How does lazy evaluation works when the argument is a list?

2
votes

From my understanding, lazy evaluation is the arguments are not evaluated before they are passed to a function, but only when their values are actually used.

But in a haskell tutorial, I see an example.

xs = [1,2,3,4,5,6,7,8] 

doubleMe(doubleMe(doubleMe(xs)))

The author said an imperative language would probably pass through the list once and make a copy and then return it. Then it would pass through the list another two times and return the result.

But in a lazy language, it would first compute

doubleMe(doubleMe(doubleMe(1)))

This will give back a doubleMe(1), which is 2. Then 4, and finally 8.

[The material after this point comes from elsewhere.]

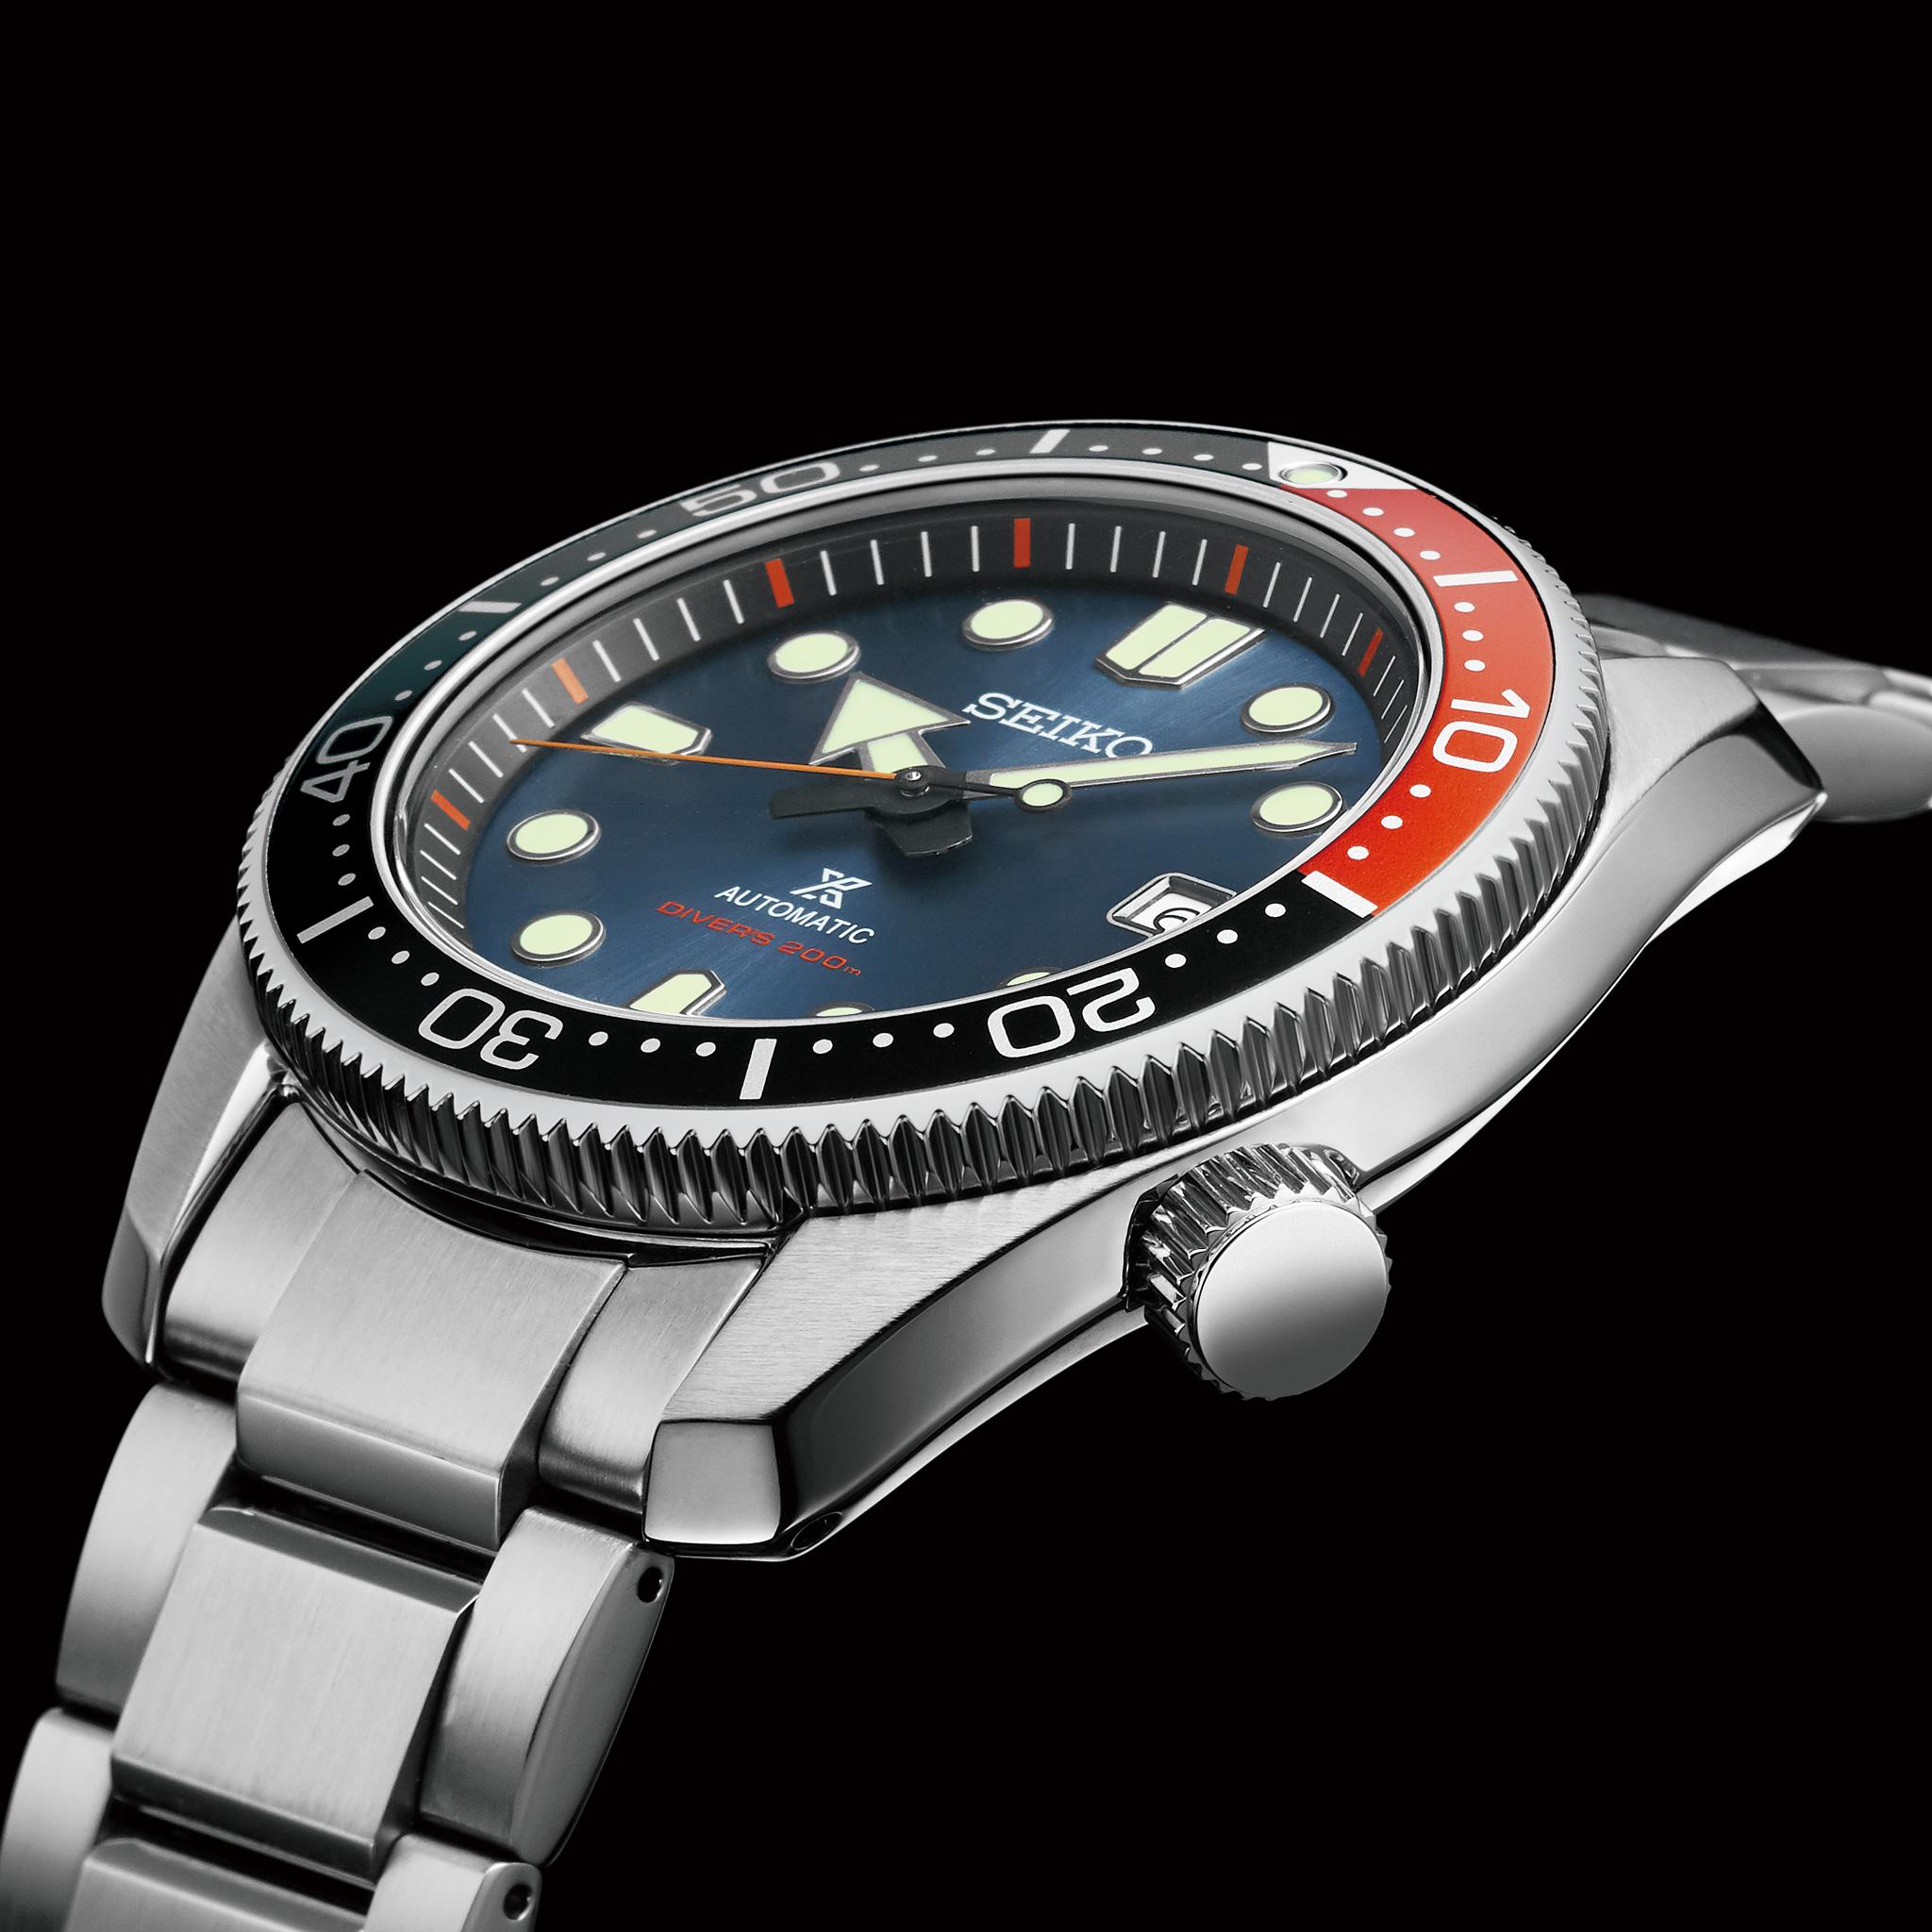 Seiko Prospex Diver SPB097J1 Twilight Blue - Orologio Automatico Uomo - Casavola Noci - m2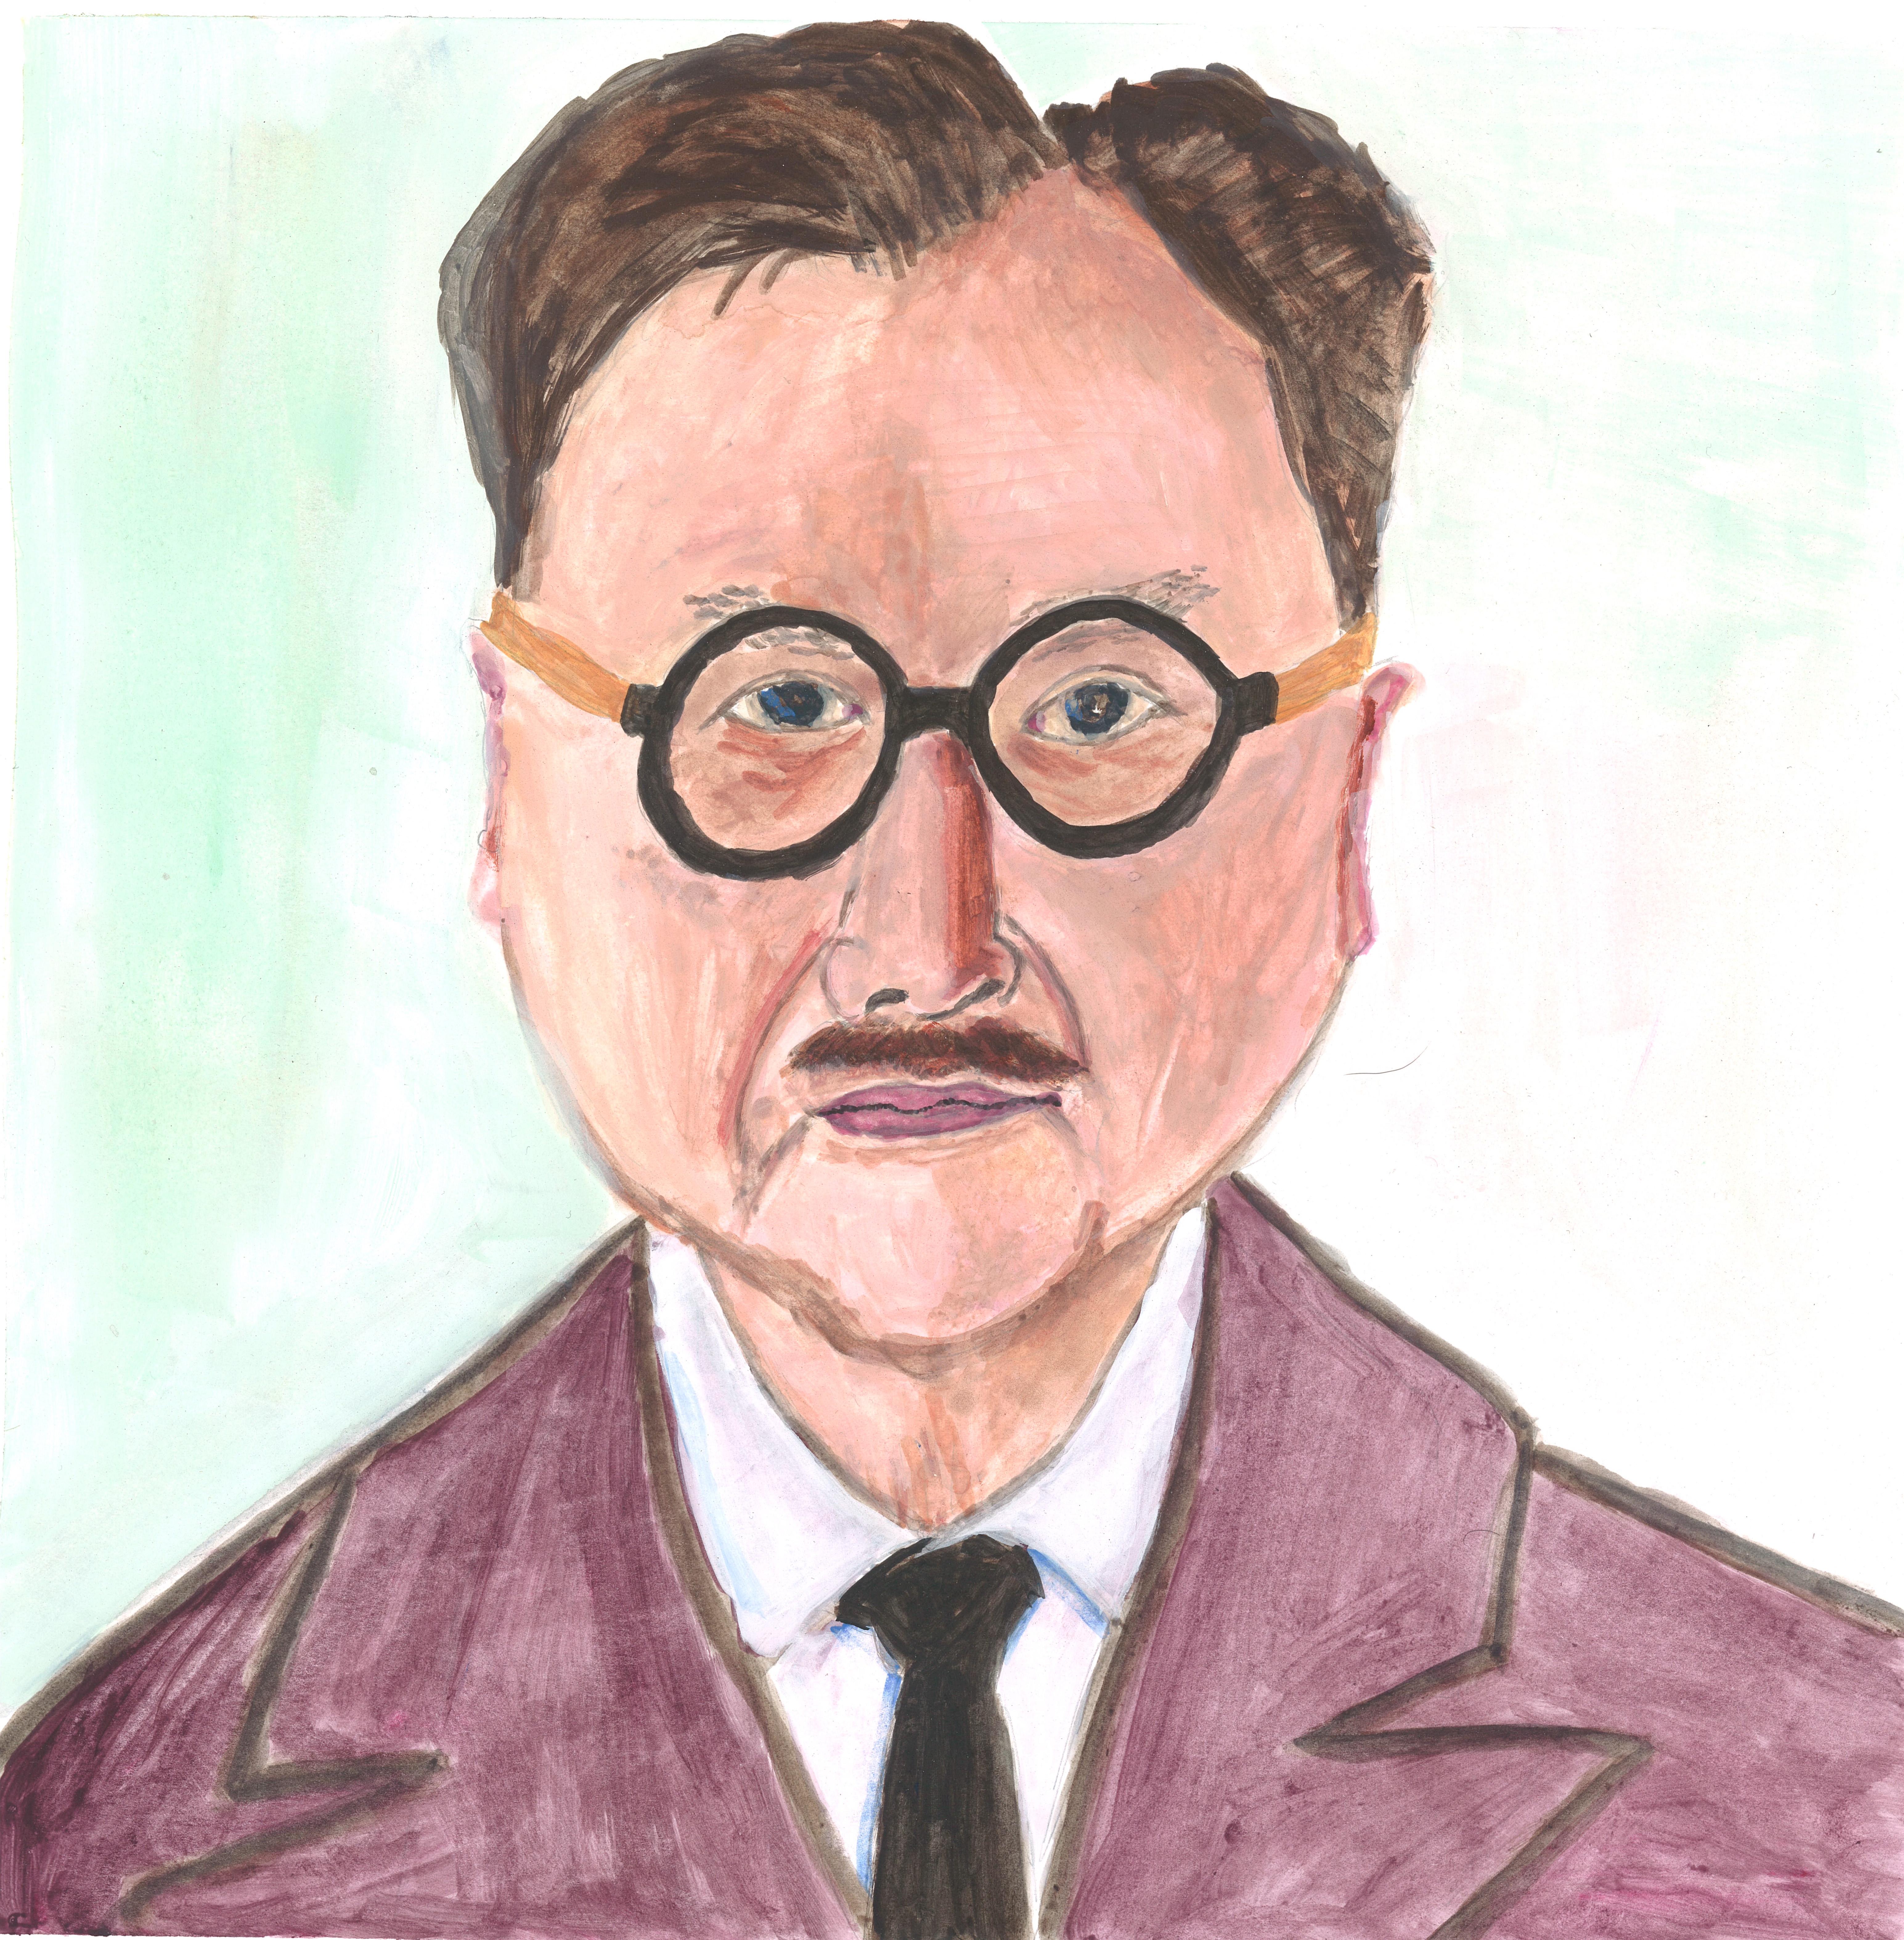 Portrait of Mr. Chow

So it only does one pass through the list and only when you really need it.

This makes me confused. Why don't lazy language take the list as a whole, but split it? I mean we can ignore what the list or the expression is before we use it. But we need to evaluate the whole thing when we use it, isn't it?

1
haskelllazy-evaluation

1 Answers

6
votes

A list like [1,2,3,4,5,6,7,8] is just syntactic sugar for this: 1:2:3:4:5:6:7:8:[].

In this case, all the values in the list are numeric constants, but we could define another, smaller list like this:

1:1+1:[]

All Haskell lists are linked lists, which means that they have a head and a tail. In the above example, the head is 1, and the tail is 1+1:[].

If you only want the head of the list, there's no reason to evaluate the rest of the list:

(h:_) = 1:1+1:[]

Here, h refers to 1. There's no reason to evaluate the rest of the list (1+1:[]) if h is all you need.

That's how lists are lazily evaluated. 1+1 remains a thunk (an unevaluated expression) until the value is required.